You can imagine the ideal bookmakers.  An honest bookmaker will offer odds to a sporting event that results in equal payoff for the bookmaker, regardless of outcome.  So the bookmaker would set the odds they're willing to buy and sell debts such that the number of people who bet for one team vs. the other, when the bookmaker takes the money from the people who got it wrong and gives it to the people who got it right, they'll end up even. 

How do real bookmakers differ from that? 

Male Student:  It's not equal. 

Professor:  Right.  Does anyone know how to a roulette wheel works?  How does the house get a cut of the roulette? 

Male Student:  I've never bet in my life. 

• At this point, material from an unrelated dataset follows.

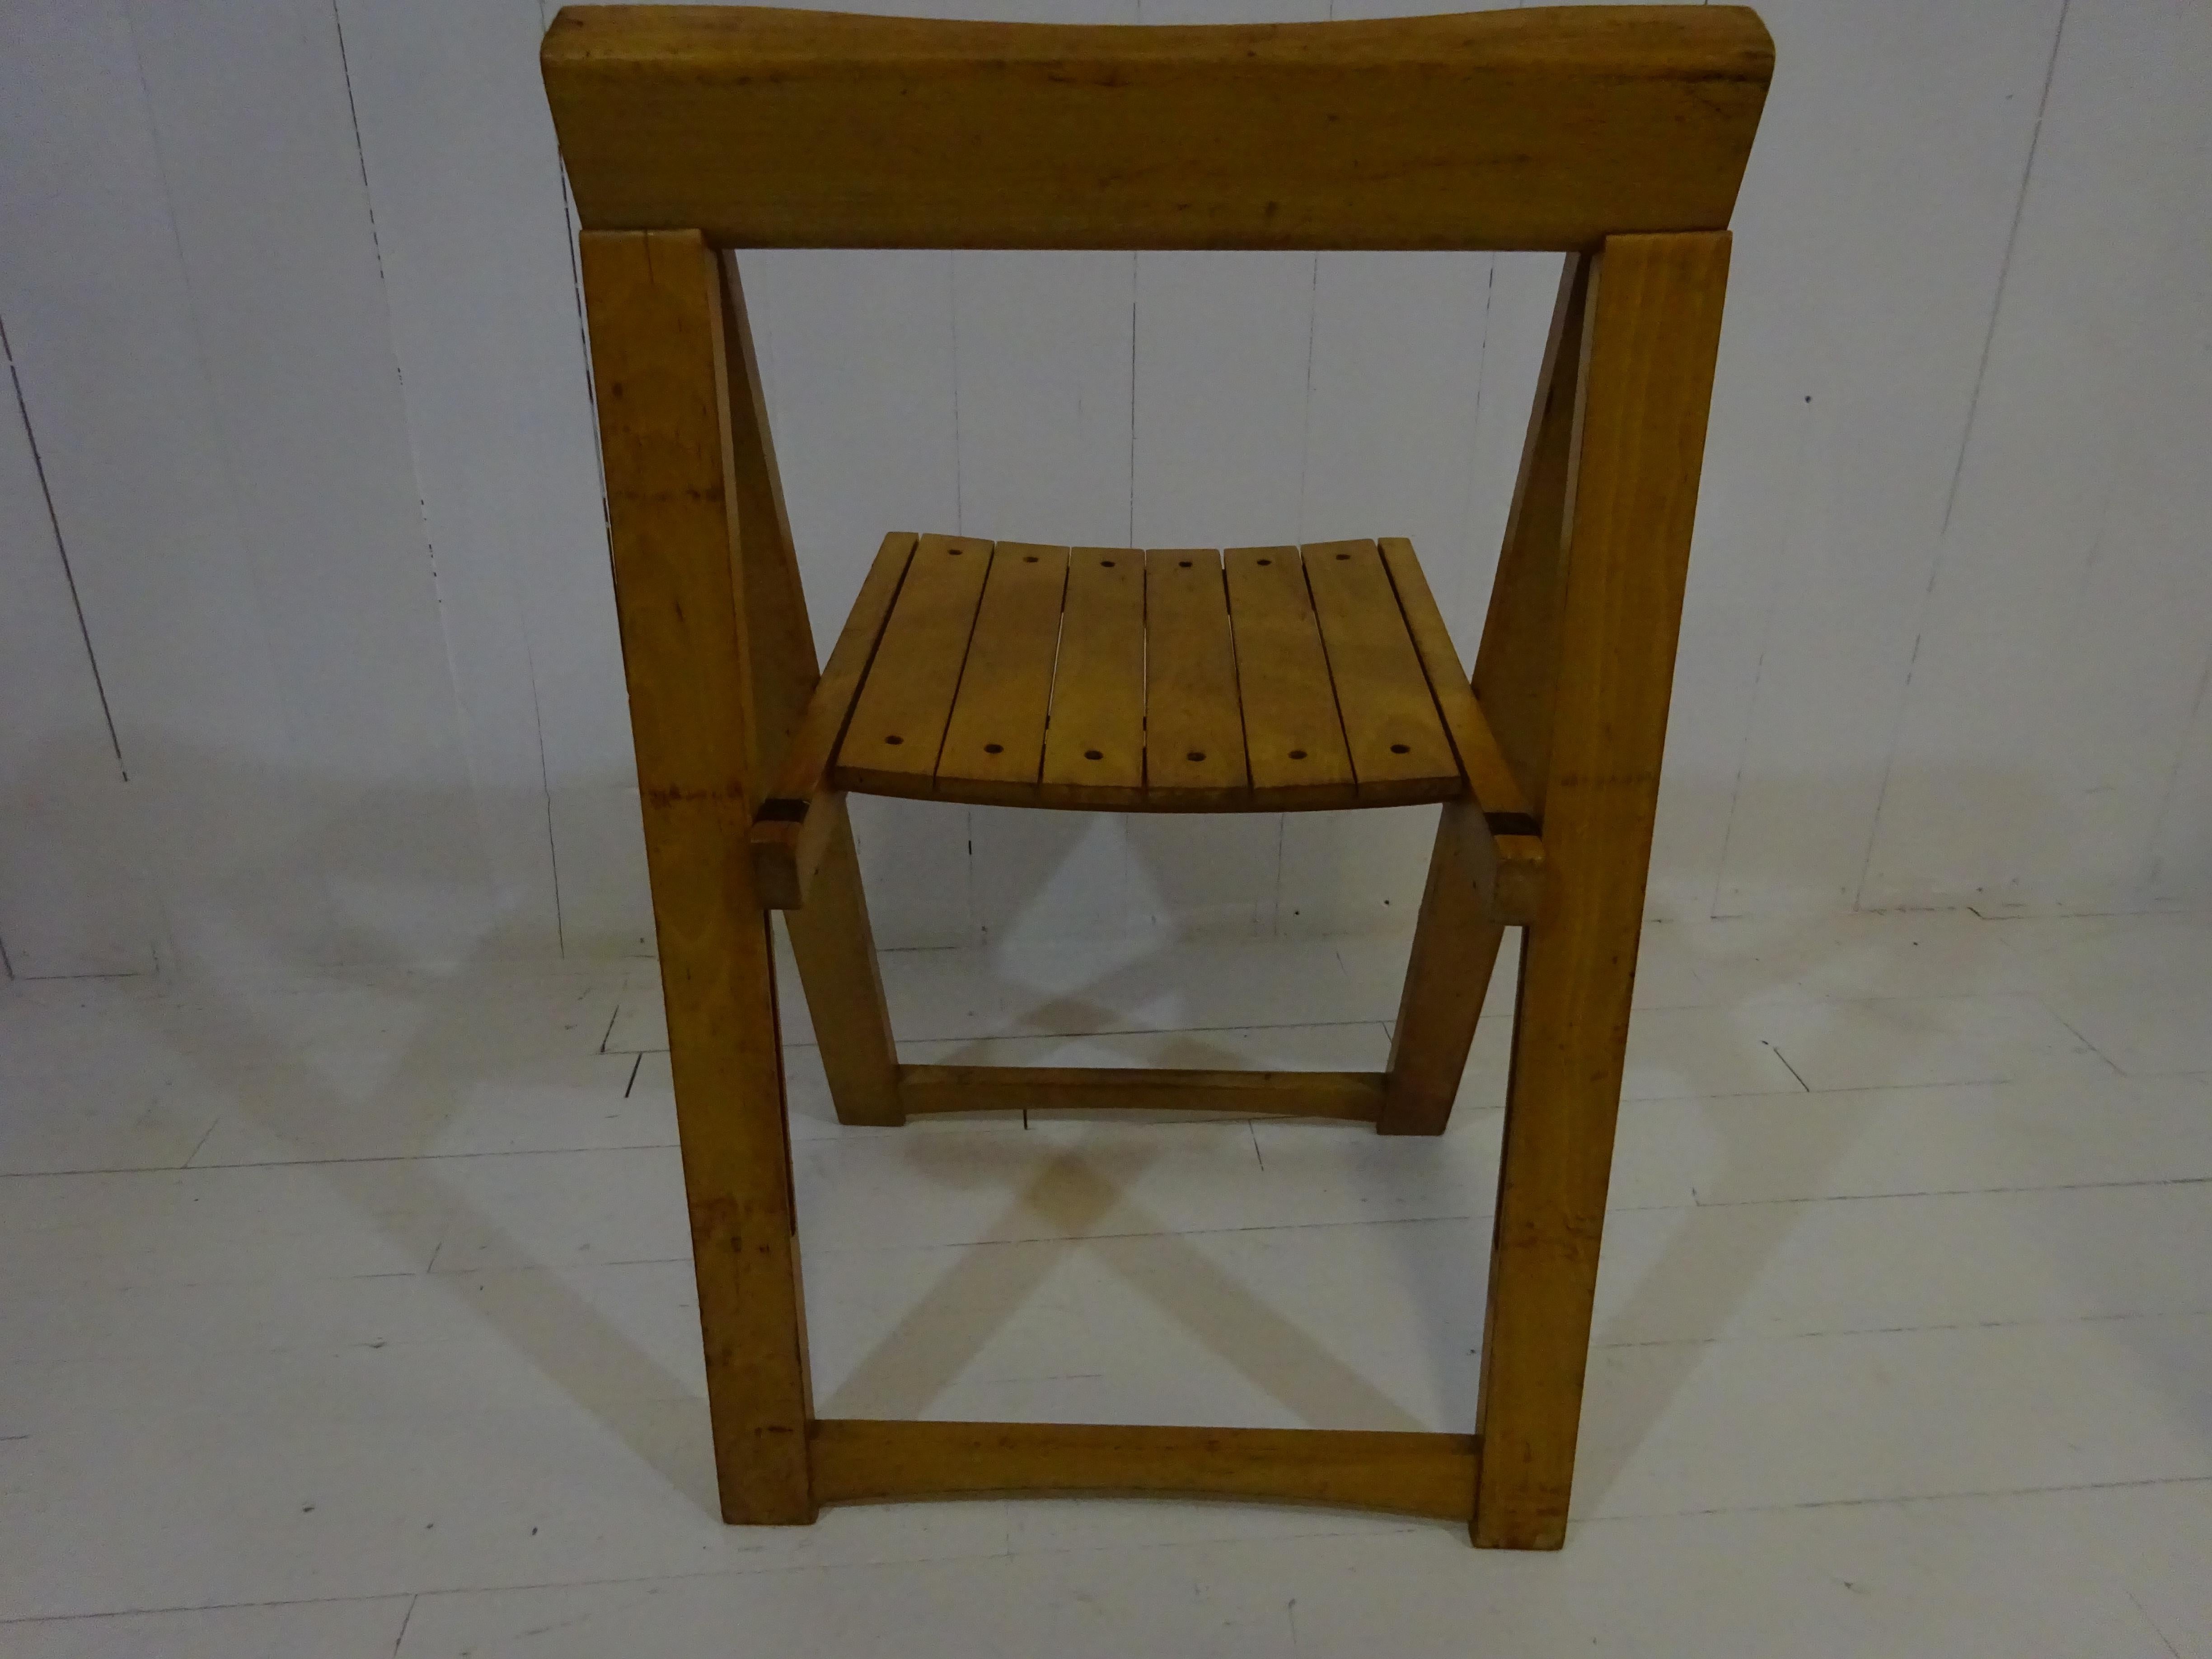 Varnished Aldo Jacober Folding Chair Italy, 1960's For Sale

Professor:  How many different outcomes are there?  Like 32?  Then there's an extra one for the house.  So there are 33 outcomes instead of 32, but if it lands on a 5 and you bet 5, you get 32 times what you bet. 

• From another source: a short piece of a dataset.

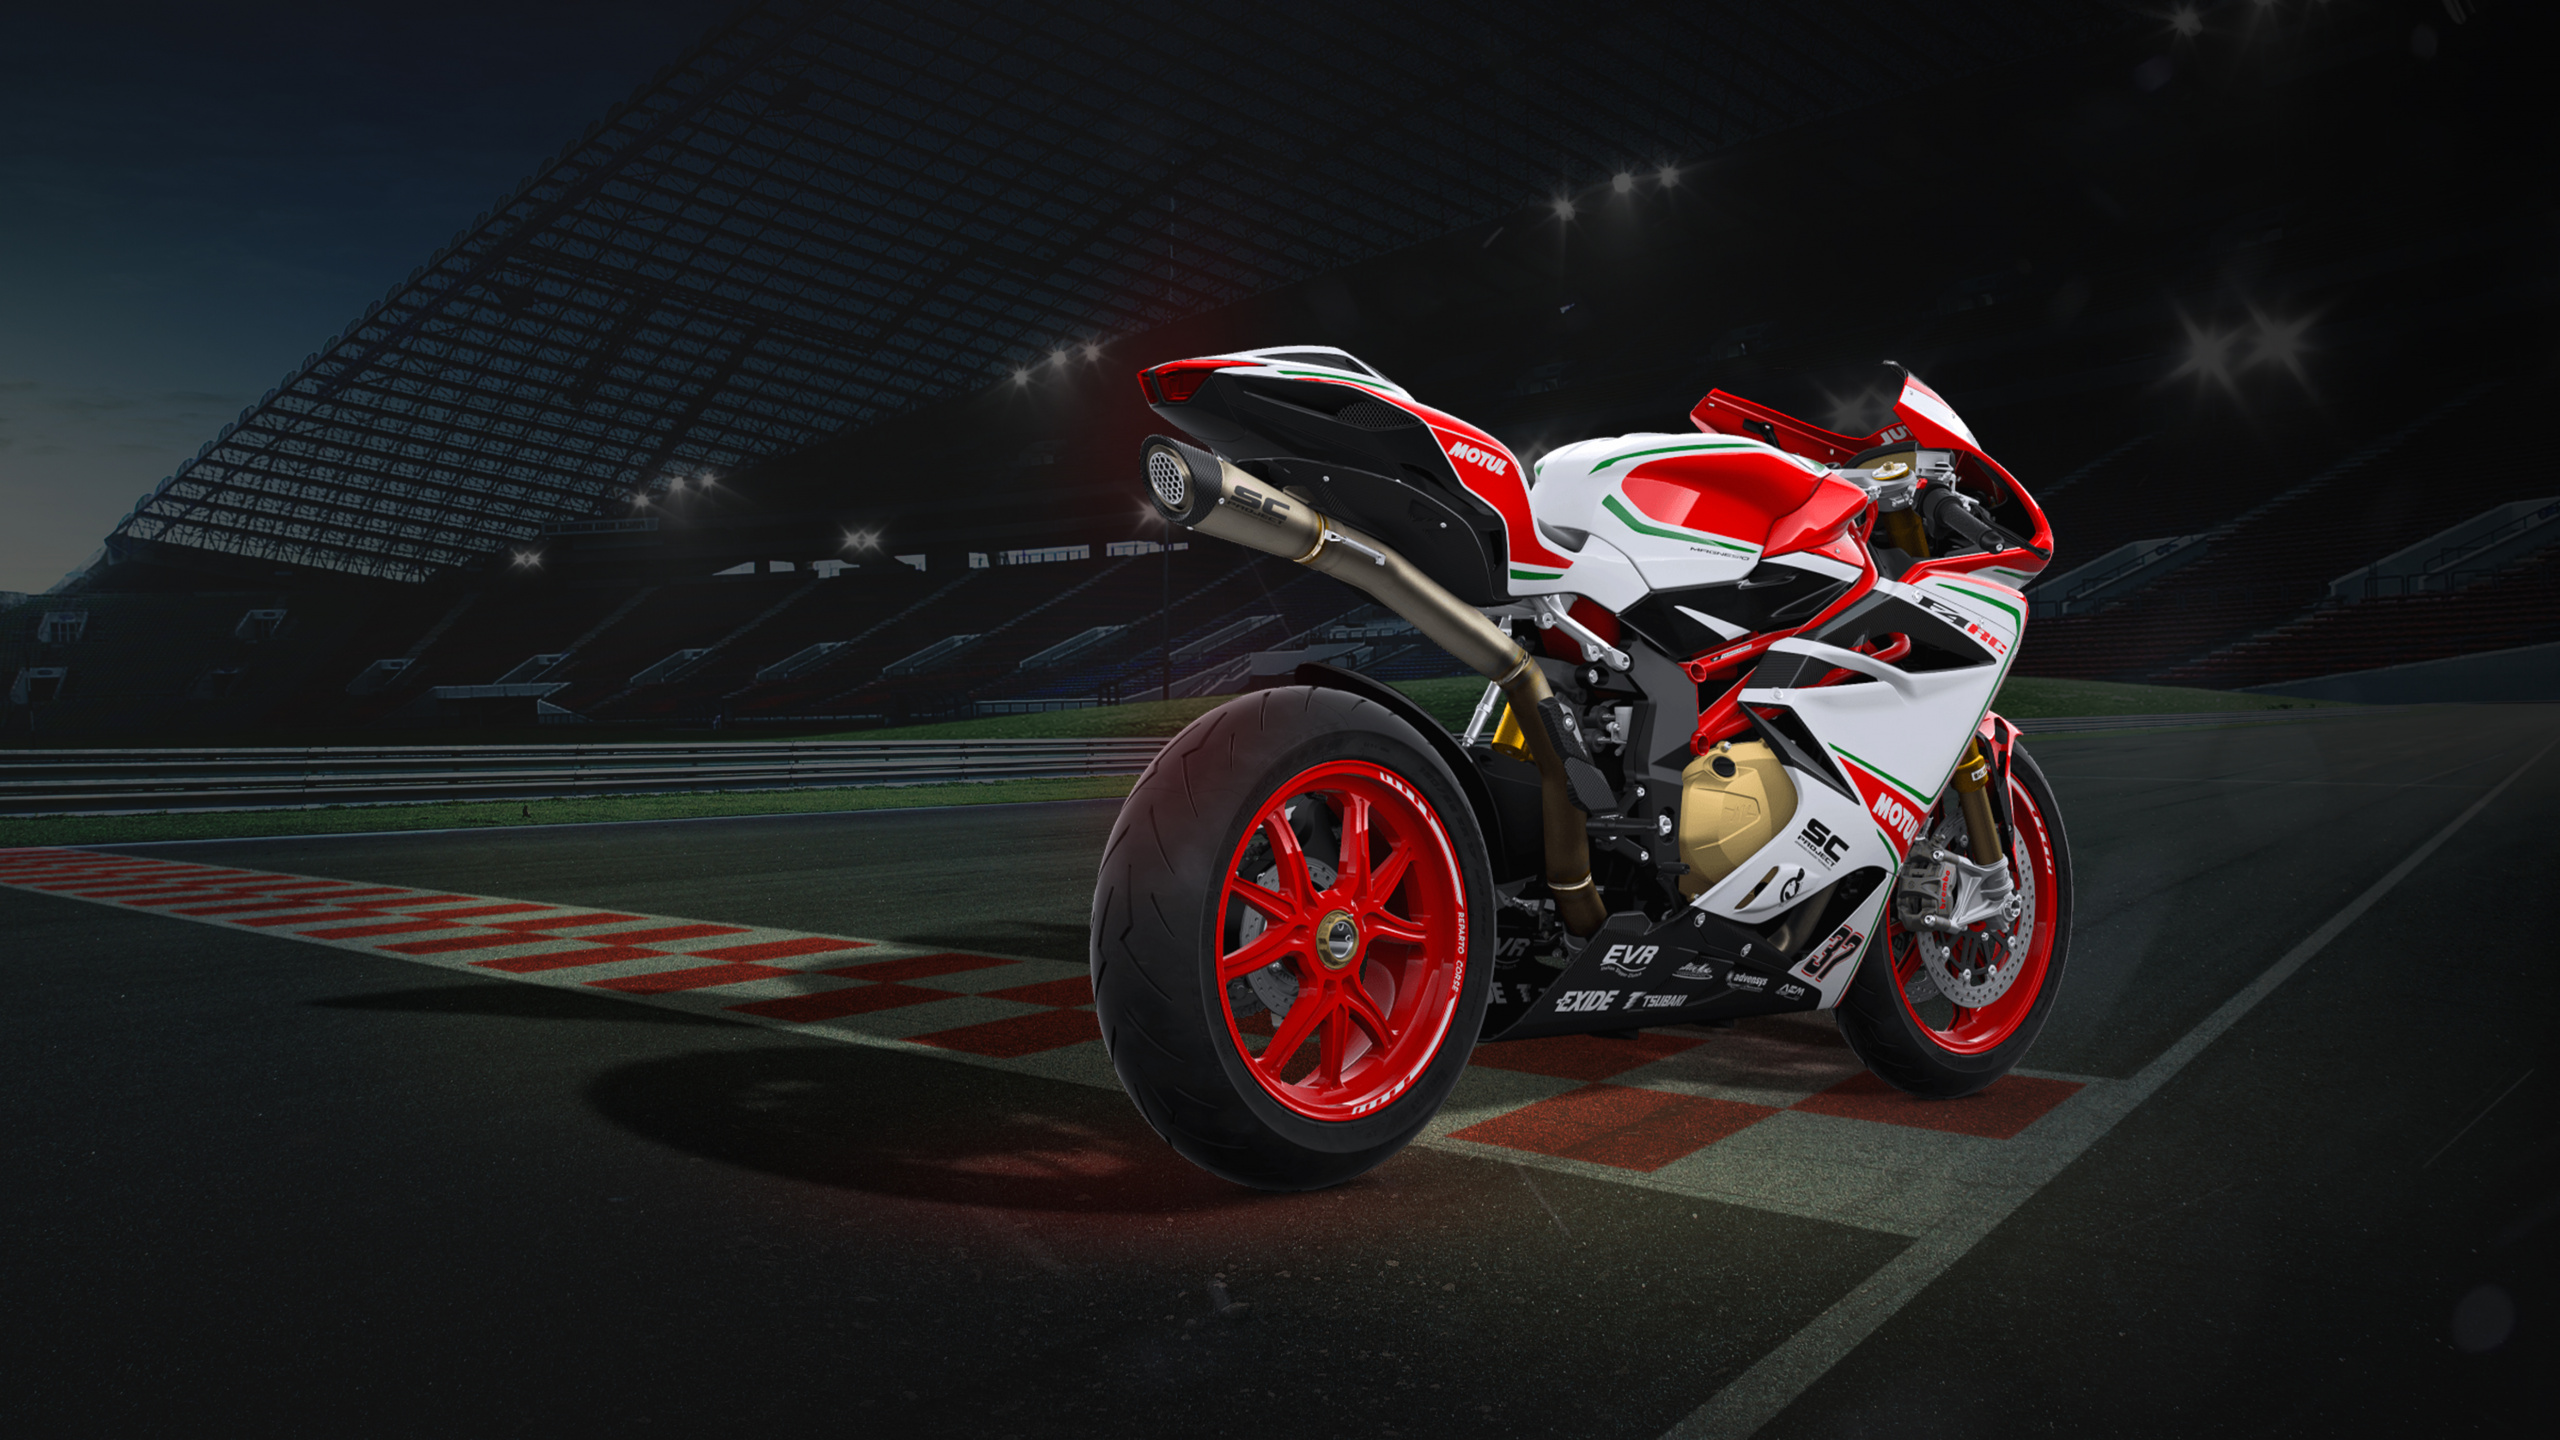 Red and White Sports Bike on Track Field. Wallpaper in 2560x1440 Resolution

So Vegas is the same way.  They skew the payoffs and so on so they get money and make a profit. 
Or if you had a system that was fair in that sense, then the true odds according to the group wisdom would come out the odds that would result. 

Okay?  Here's another example- political predictions.  Election season- media, ordinary people, etc. predict what's going to happen.  Remember the last election- it was nonstop on the news

Polling, trend analysis, analyzing demographics, etc. 

Everyone has a different opinion, and that's why you could imagine instead of asking individuals using groups.  

Polls aren't bad.  They often work, but they don't work well in the last election.  Prediction markets have been claimed to do better because you're not just asking people on the phone.  You're getting people to put money on who they think is going to win and people are more careful with their judgment. 

Predictions markets are perfect on this front either.  Let's look at the last election. 

Okay.  This is going back to November.  Here it is. 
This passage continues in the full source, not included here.